● **Work to complete**
Copy out exactly the lines beginning with the one that contains "Світло-зелена літня блуза H&M" and ending at the last line of the listing, skipping any pictures.

● **Given information**

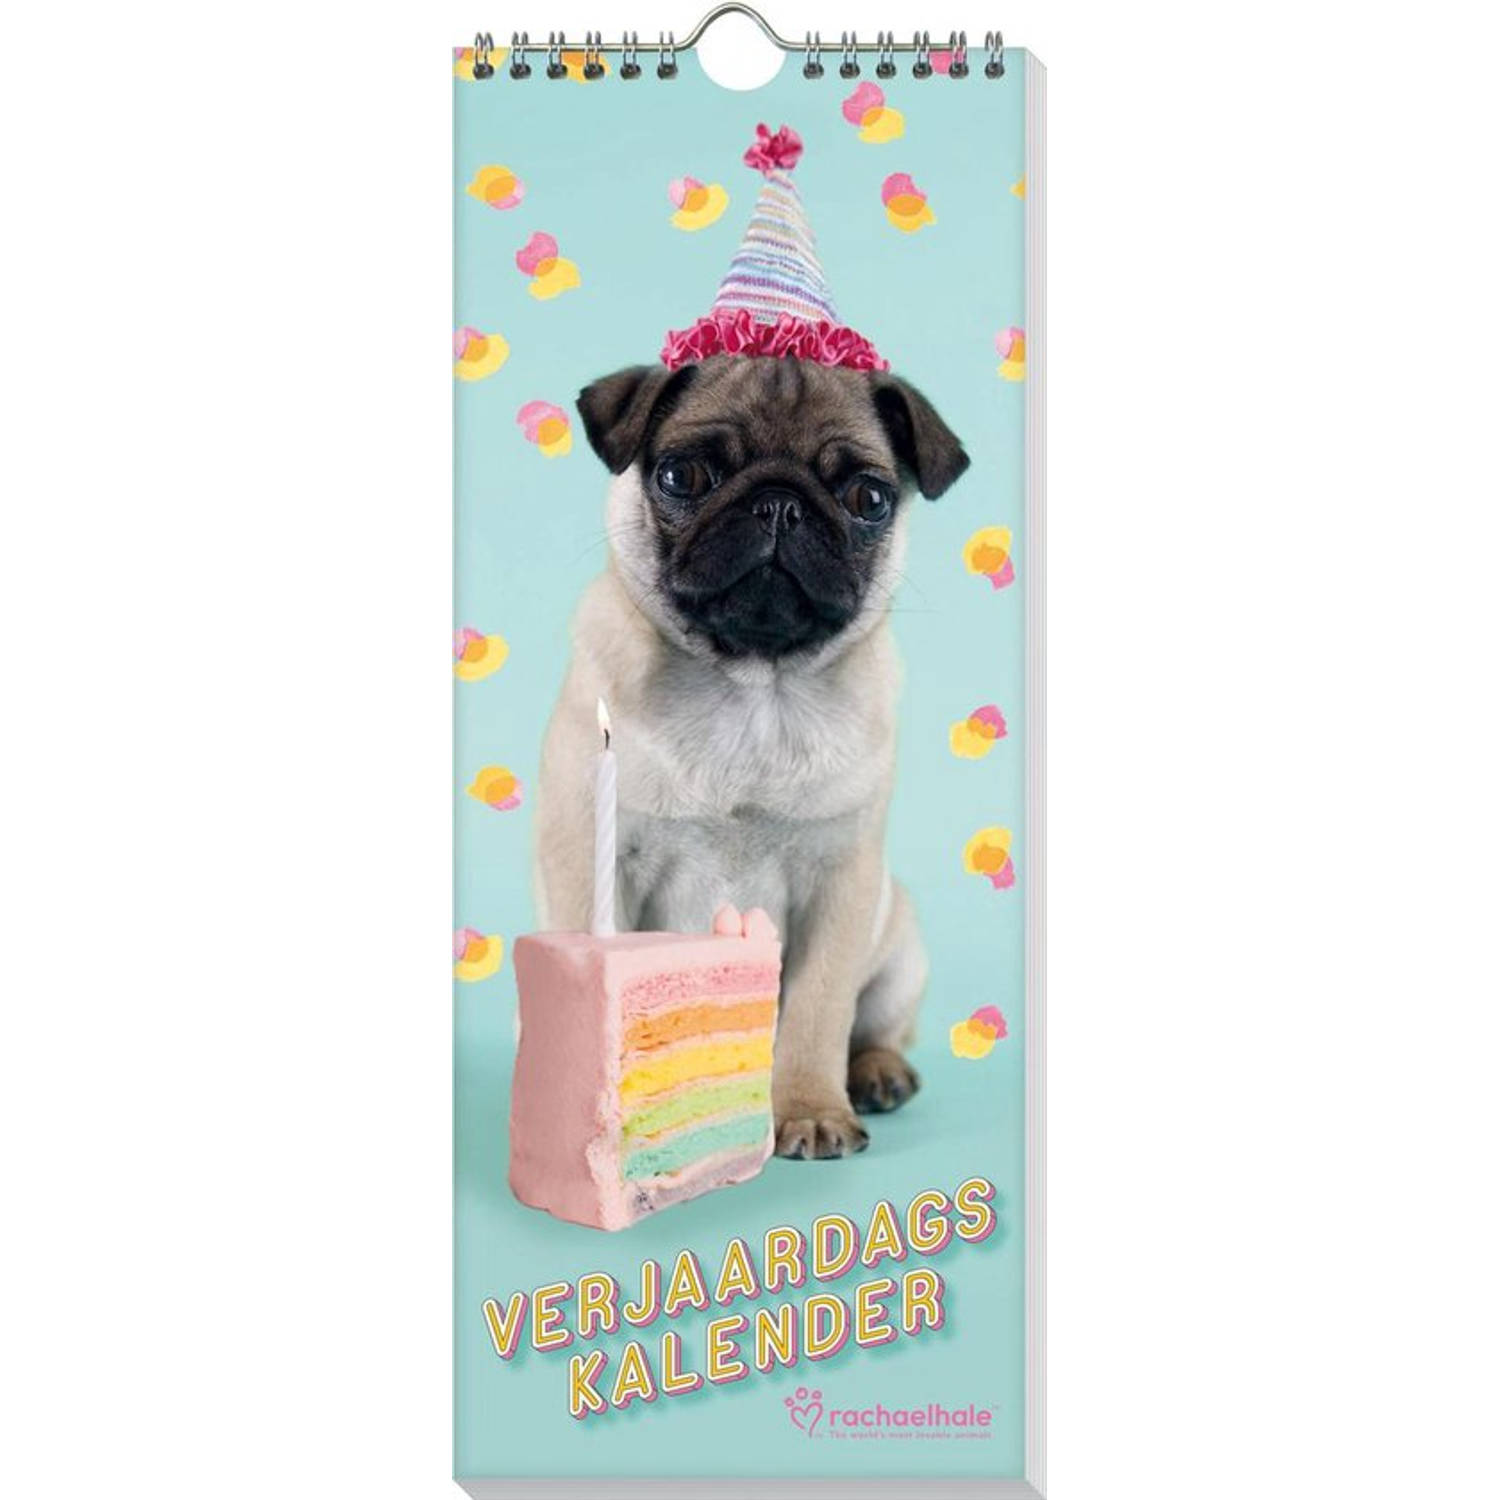 Verjaardagskalender Puppies - Rachael Hale - 13 X 33 cm
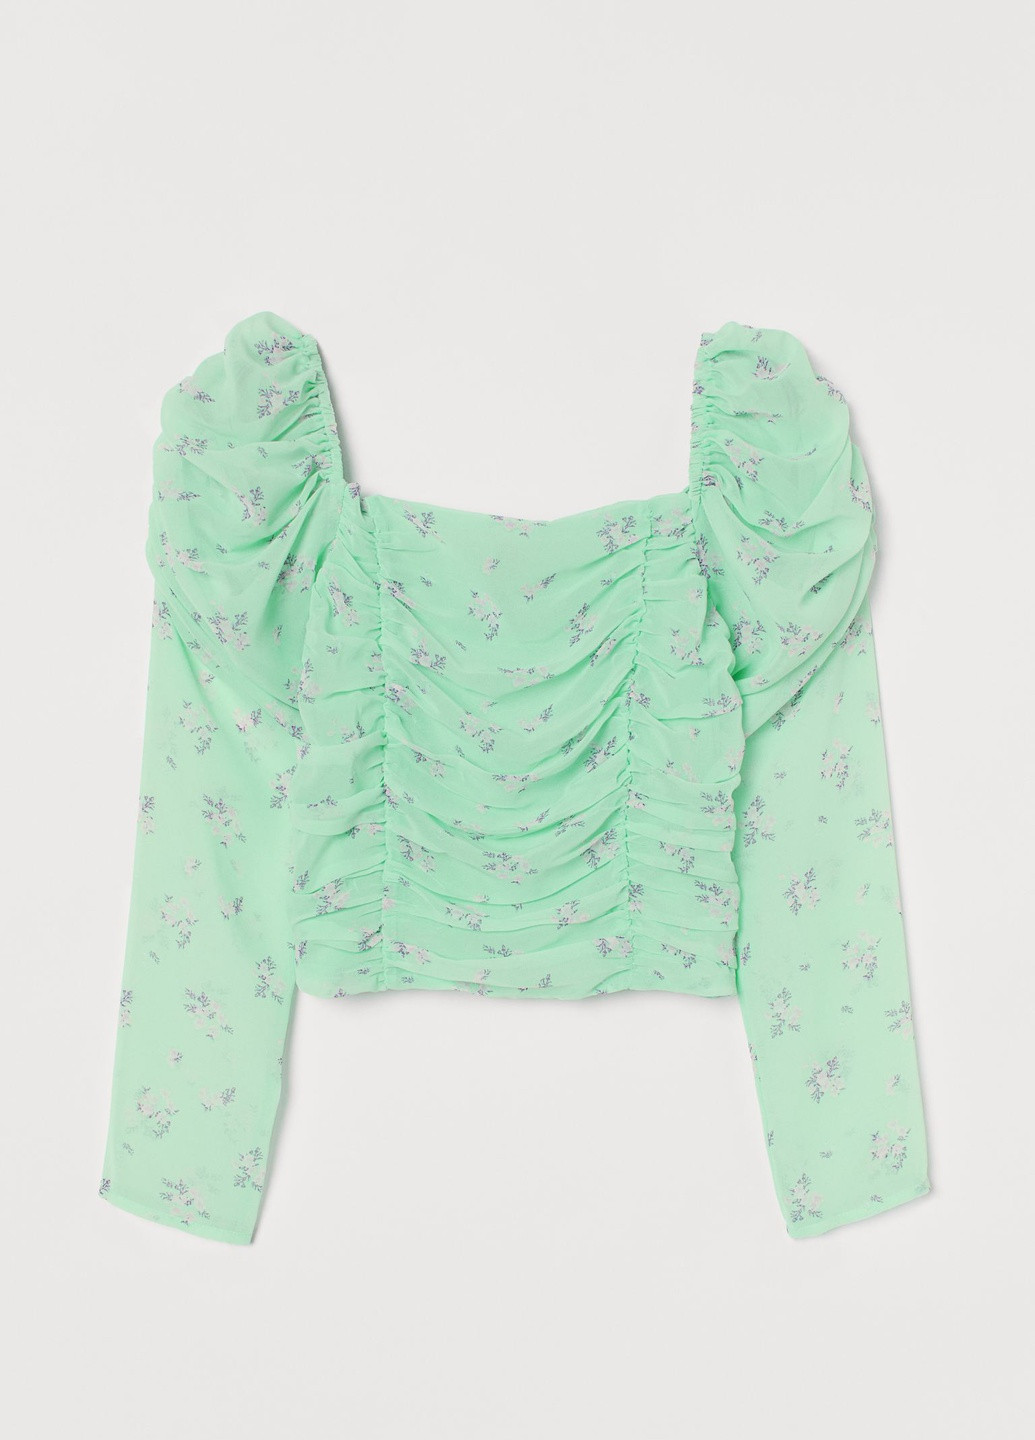 Світло-зелена літня блуза H&M
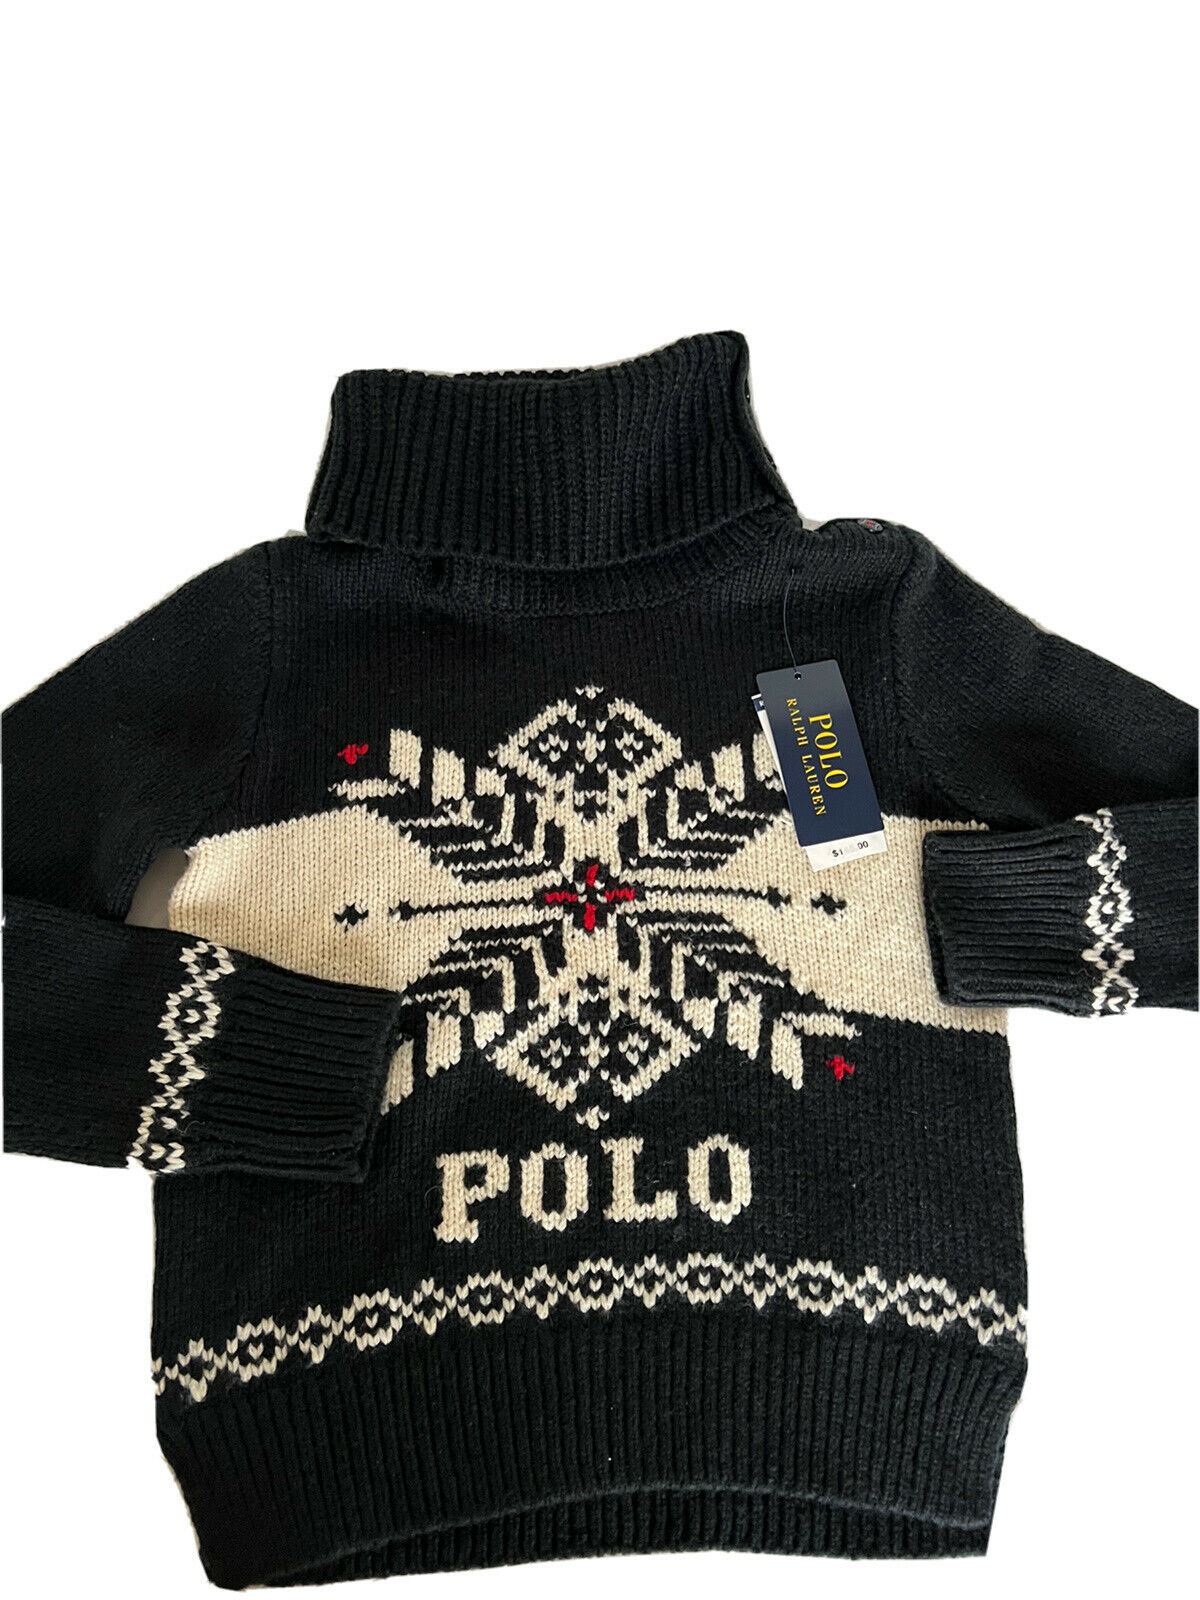 NWT $145 Polo Ralph Lauren Girls Black Snow Soft Sweater Size S (7)

● **Answer below**
 Світло-зелена літня блуза H&M
 NWT $145 Polo Ralph Lauren Girls Black Snow Soft Sweater Size S (7)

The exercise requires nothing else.